Three hours later, my drug was released and I had my sixteenth infusion. I get my infusions sitting next to patients getting chemotherapy, and as I looked at the bald heads and gaunt frames, it seemed like a lifetime ago that I was one of those patients. In fact, it was only two years ago that I was suffering through ddMVAC. I hope that immunotherapy will replace chemotherapy, that the success rate will rise, the side effects will diminish, and more lives will be spared.

At least once a week, I review recent questions regarding bladder cancer at www.inspire.com and post responses. I focus on metastatic disease, where I have the most personal knowledge. I also have engaged in a number of one-on-one discussions with patients or their caregivers, and will on occasion point people to my prior blog entries where I have addressed the topic of their question. I also have been told by a number of patients that they have investigated and enrolled in immunotherapy clinical trials after reading of my good fortune. I'm grateful that others have been helped through my chronicles. When I started this blog, I had no idea what it would turn into. And I have no idea how long it will go.

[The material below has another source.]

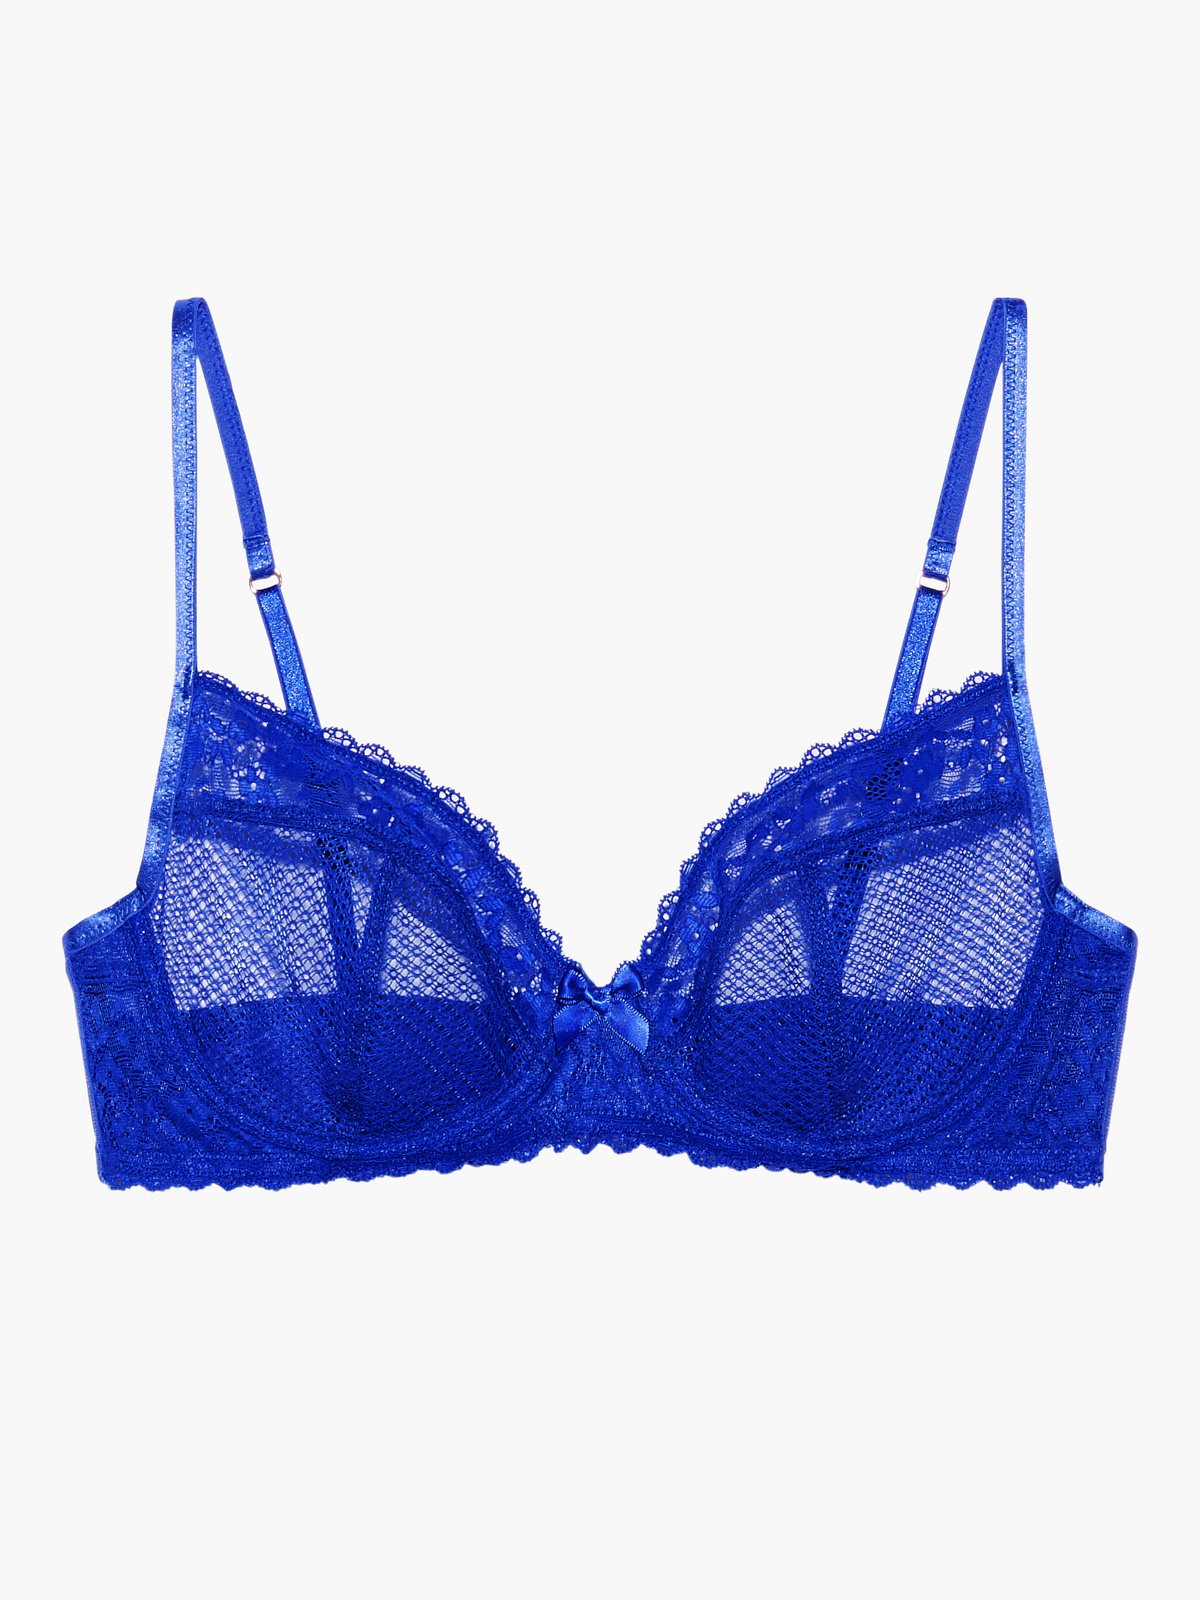 nwt free people lace colbalt blue bra 32D unlined - Depop

Thirty six years ago, Dan Fogelberg released an album entitled Phoenix. The last song on the flip side of the record was titled, Along The Road. Recently I've thought about those lyrics in light of my journey with bladder cancer:

Joy at the start, fear in the journey
Joy in the coming home
A part of the heart gets lost in the learning
Somewhere along the road

Along the road your path may wander
A pilgrim's faith may fail
Absence makes the heart grow stronger
Darkness obscures the trail

Cursing the quest, courting disaster
Measureless nights forebode
Moments of rest, glimpses of laughter
Are treasured along the road

Along the road your steps may stumble
Your thoughts may start to stray
But through it all a heart held humble
Levels and lights your way

Dan Fogelberg died of metastatic prostate cancer in 2007, at age 56.

As for me, I can't say that my journey with bladder cancer started with joy, and certainly there has been fear along the way. But I have found many unexpected joys, and look forward to many more moments of rest and glimpses of laughter somewhere along the road.